While I don't doubt your experience, I've been running Conduit[0] for a while now to great success (a lot simpler to configure than Synapse).

I don't think it's a fact that Matrix is not good. For MS Teams? It's pretty close to a fact.

0 - https://conduit.rs

When did you try it? Both Matrix the protocol and implementations like Element X have improved immeasurably over the last year or so.

  • It's been more than a year, and Element X does honestly look a lot better. But it's been mobile-only for years. And if I'm correct, the desktop/web clients still require you to use embedded Jitsi. And what about non-Element clients?

    As a user, I just need stuff like this to be standard, and work for every participant regardless of what client they use.

    • Element Desktop/Web (and Element X) use Element Call for proper encrypted group VoIP/Video these days rather than Jitsi - since Sept 2024. Meanwhile we're busy upgrading Element Web to use the same rust-sdk engine as Element X (although this will take a year or so).

      In terms of non-Element clients... I can't really speak for them, but I hear really good things about Cinny for folks who want a more Discord-like experience on desktop, and we livecoded an Element Call integration for it at the Matrix Conference in October (hopefully it merged). I think FluffyChat also may support the new MatrixRTC calling too.

  • This cannot be overstated. It used to be a pile of trash, now it's quite decent (but with lots of room for improvement).

  • Element X is in some cases still a downgrade from Element. For instance there doesn't seem to be a way to create local key backups anymore. Also, that calls between Element and Element X are incompatible means both apps need to be installed in order to receive calls from all contacts.

    Still, I love Matrix and hope that these issues will be resolved in time.

    • Manually importing/exporting keybackups is on the todo list (albeit towards the bottom).
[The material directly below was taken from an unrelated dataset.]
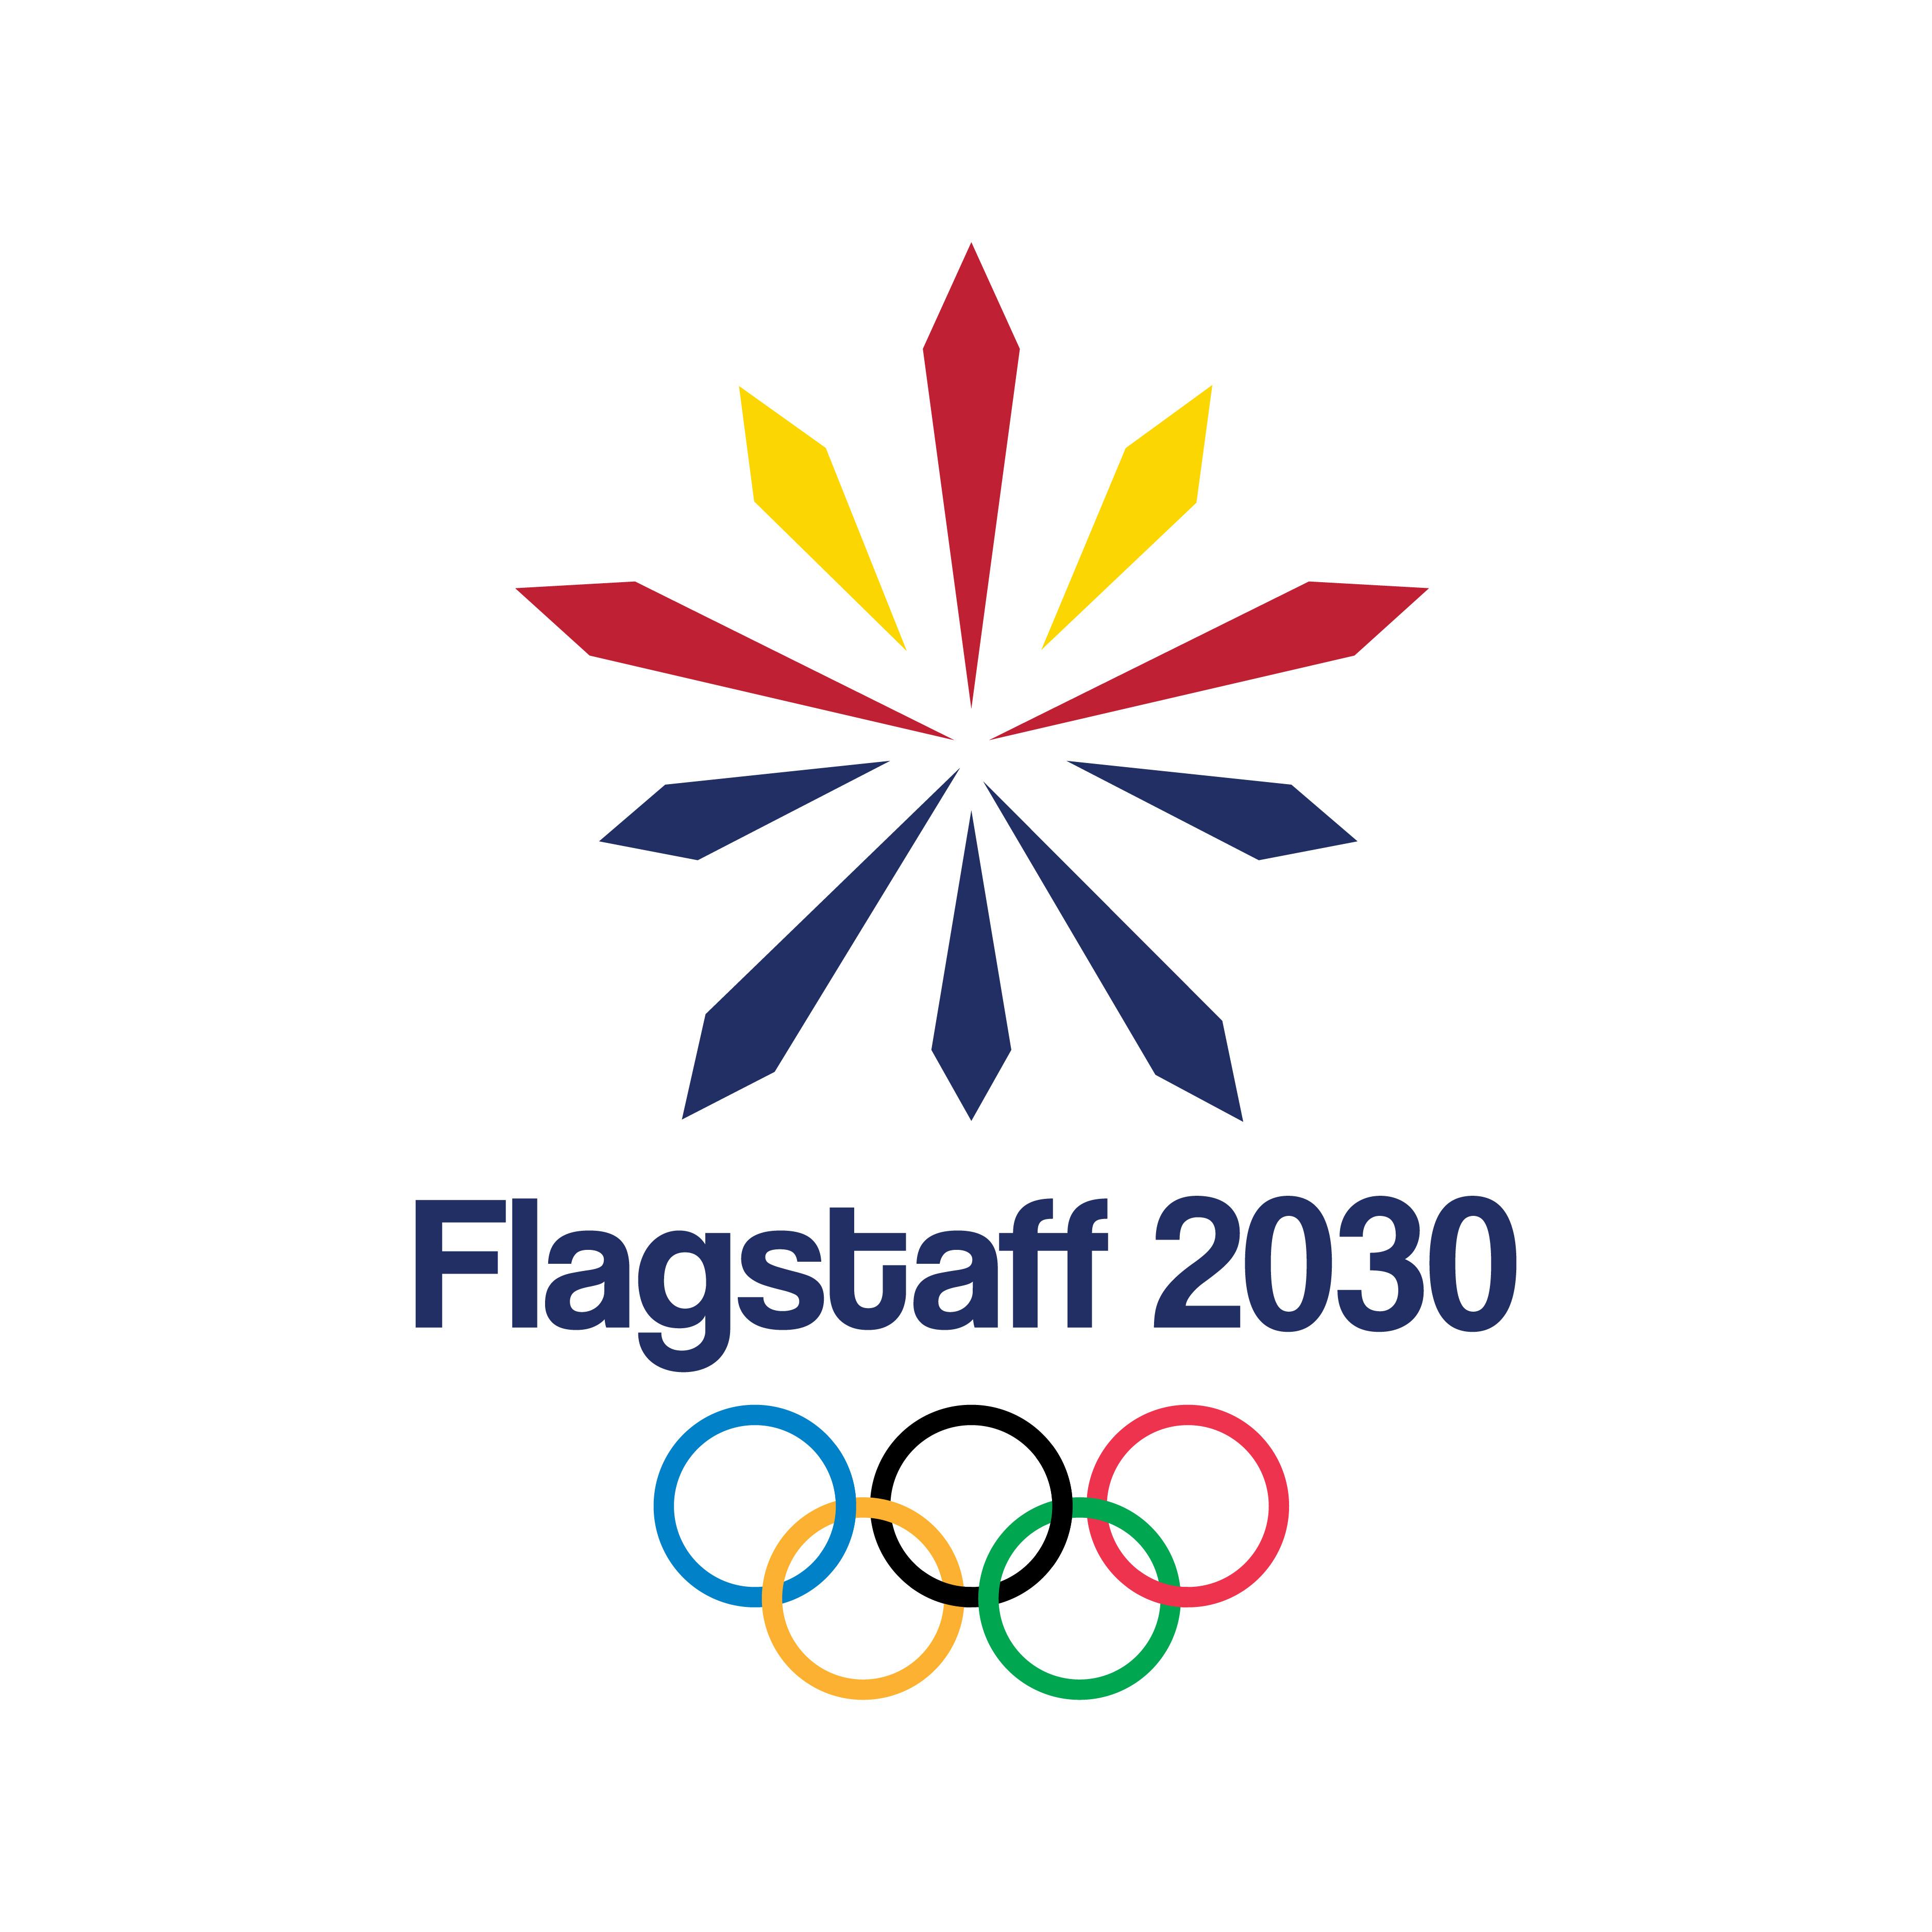 Flagstaff 2030 Olympics

Supporting legacy calls is not (unless someone contributes it); the intention is to converge asap on native Matrix group calls.

Personally I've found Matrix significantly more user friendly than Threema work. Zulip I haven't used in anger so I can't comment on that but I've seen a few places that even open source they charge per user for things like notifications. Not ideal IMHO. There should be an option to replace notifications with a separate service.
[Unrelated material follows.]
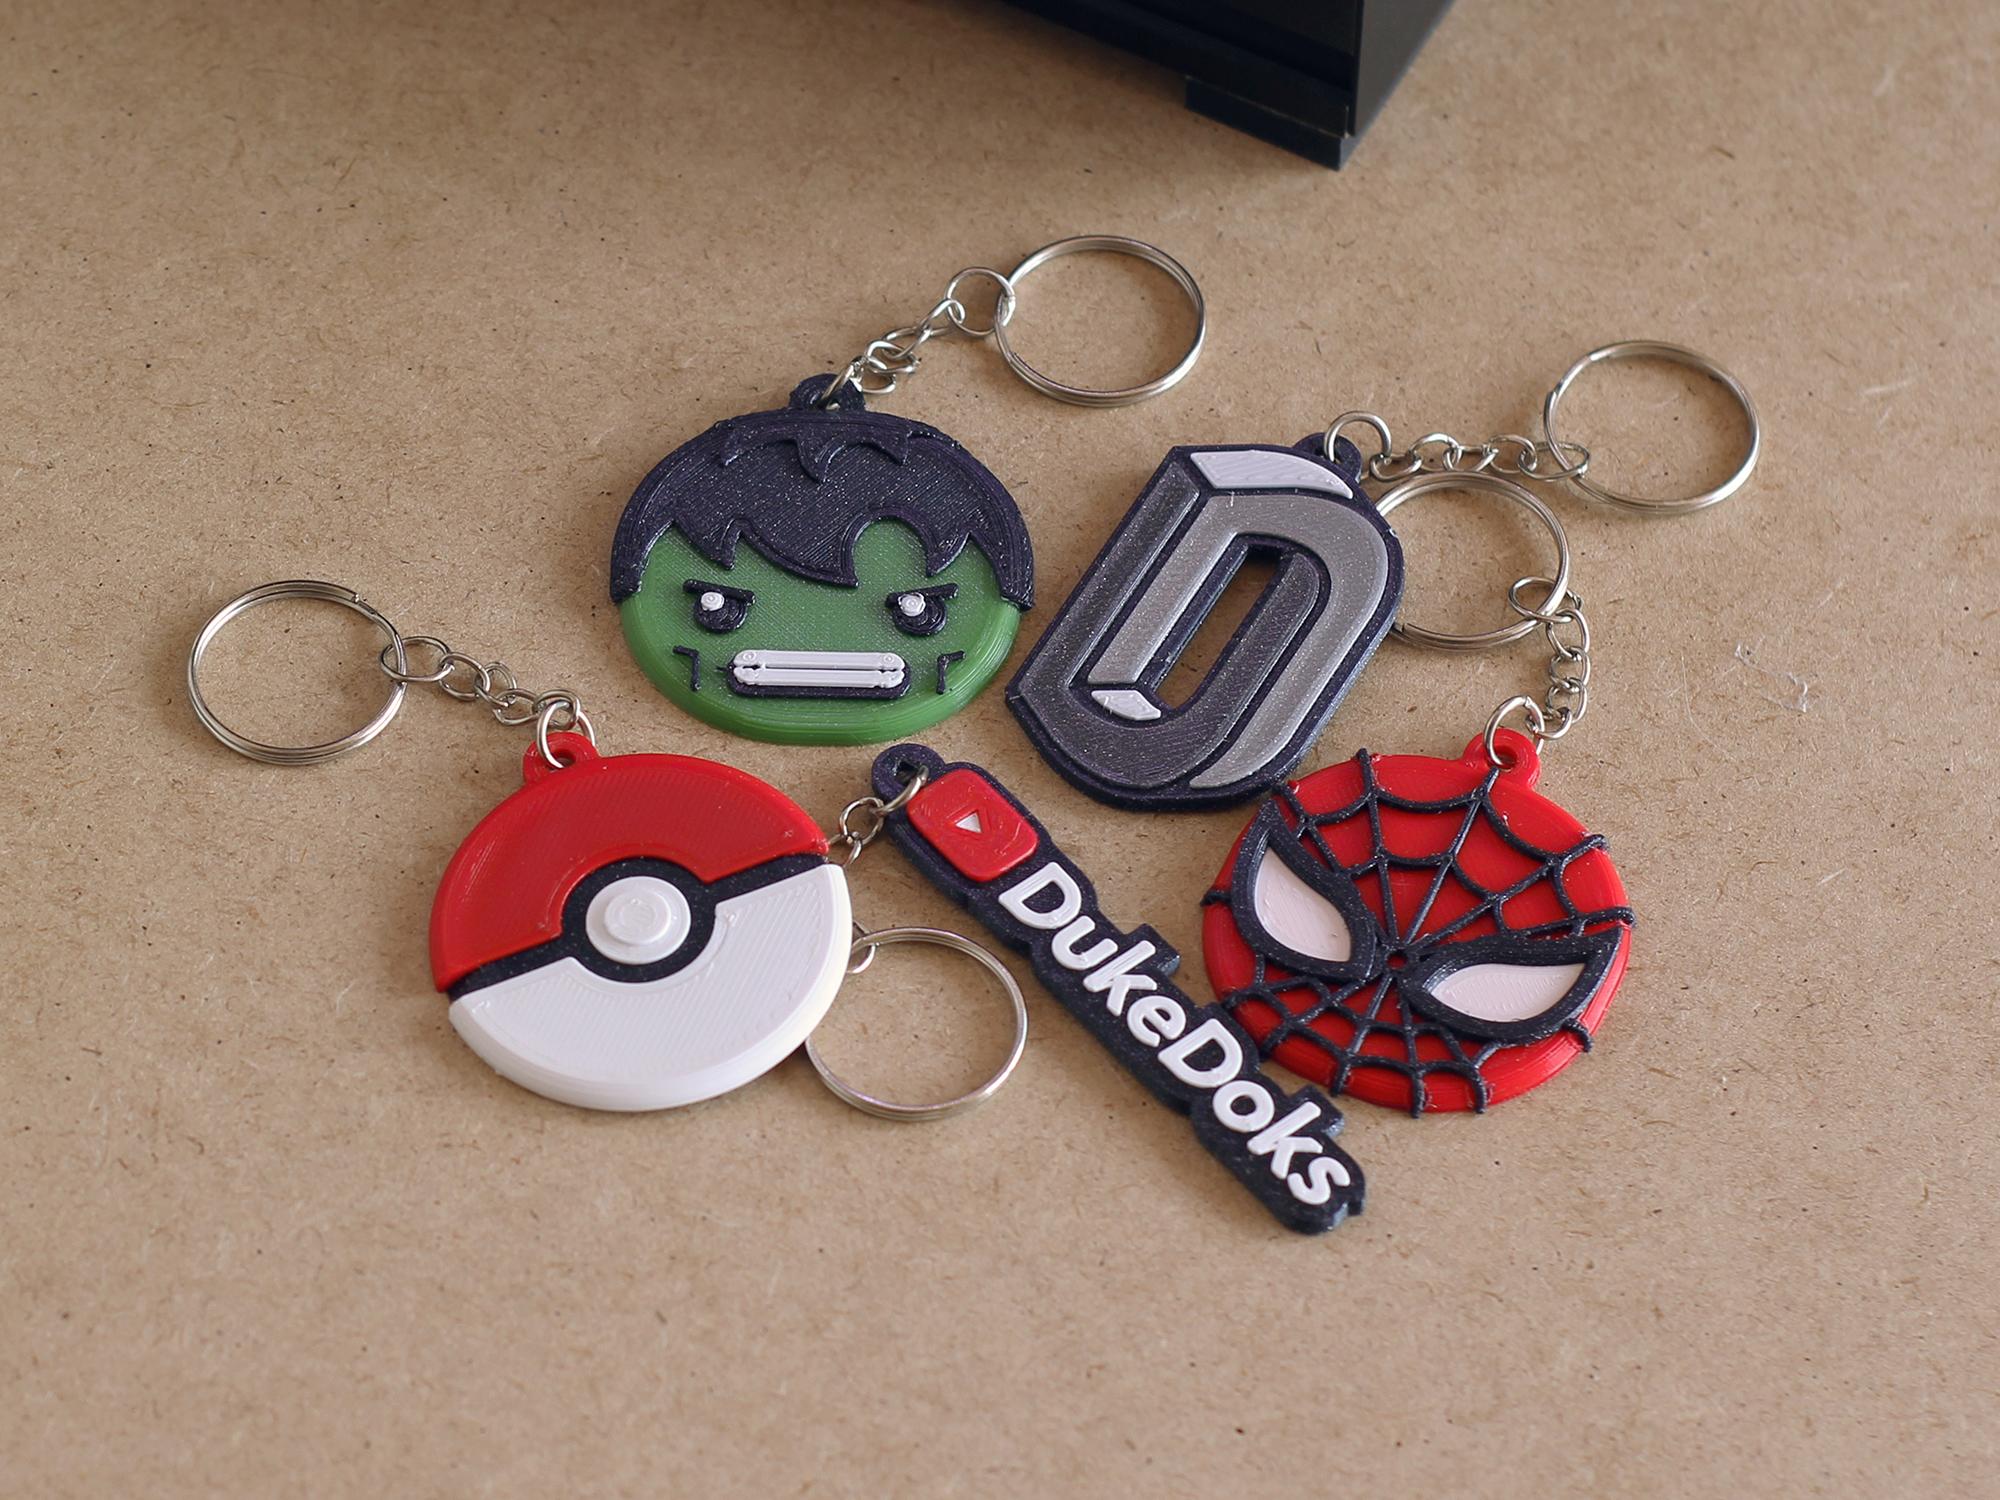 Miniaturas thingiverse 09.jpg Download free STL file Keychain Multicolor Pokemon • 3D printer template, dukedoks

It's hard to find a decent service that ticks all the boxes but I do sincerely hope that the EU can support Matrix to bring it up to the standard that we all deserve.

Threema: proprietary, outside EU

Zulip: lacks encryption, interoperability

  • Threema is Swiss, which is a regional EFTA member. It's end-to-end encrypted and the clients are open-source.

    Zulip has client-server encryption, which is fine if you control the server.

  • Why would they need encryption? Does the european commision have anything to hide?

    Chat control for thee but not for me?

It works faster & better than Signal Desktop.

  • Genuinely surprised at this - I've never heard of signal desktop not being fast, or good. Works a1 for me.

    • yeah, it's fine for me - probably as good as an electron app can get (def not good as a true native app but it's def better than having to use my phone...)

    • Signal Desktop is having its db corrupted every other time I launch it, and wants me to reconnect to the phone. The UX is OKish.

> Mobile notifications for organizations with up to 10 users

Why does the self-hosted edition have this restriction? If the software is truly OSS, the limit could be trivially patched. But this kind of restriction just does not inspire much confidence in the project to be honest.

  • Because mobile notifications require integration with operators and cost money.

    This is not about the ones that are pushed over IP, this is about mobile push.

    • Mobile notifications do not require outside operators. UnifiedPush / ntfy is FLOSS, and allows for a single background connection for multiple apps / notification channels. It can also be self-hosted (and I do!)

      This puts the operational costs (number of devices and notifications) on whomever is running the server - and because of how valuable metadata is, I expect them to be run in-house by governments

Can you be more specific about your criticisms? I have gripes about Matrix, but your assessment doesn't match my experience.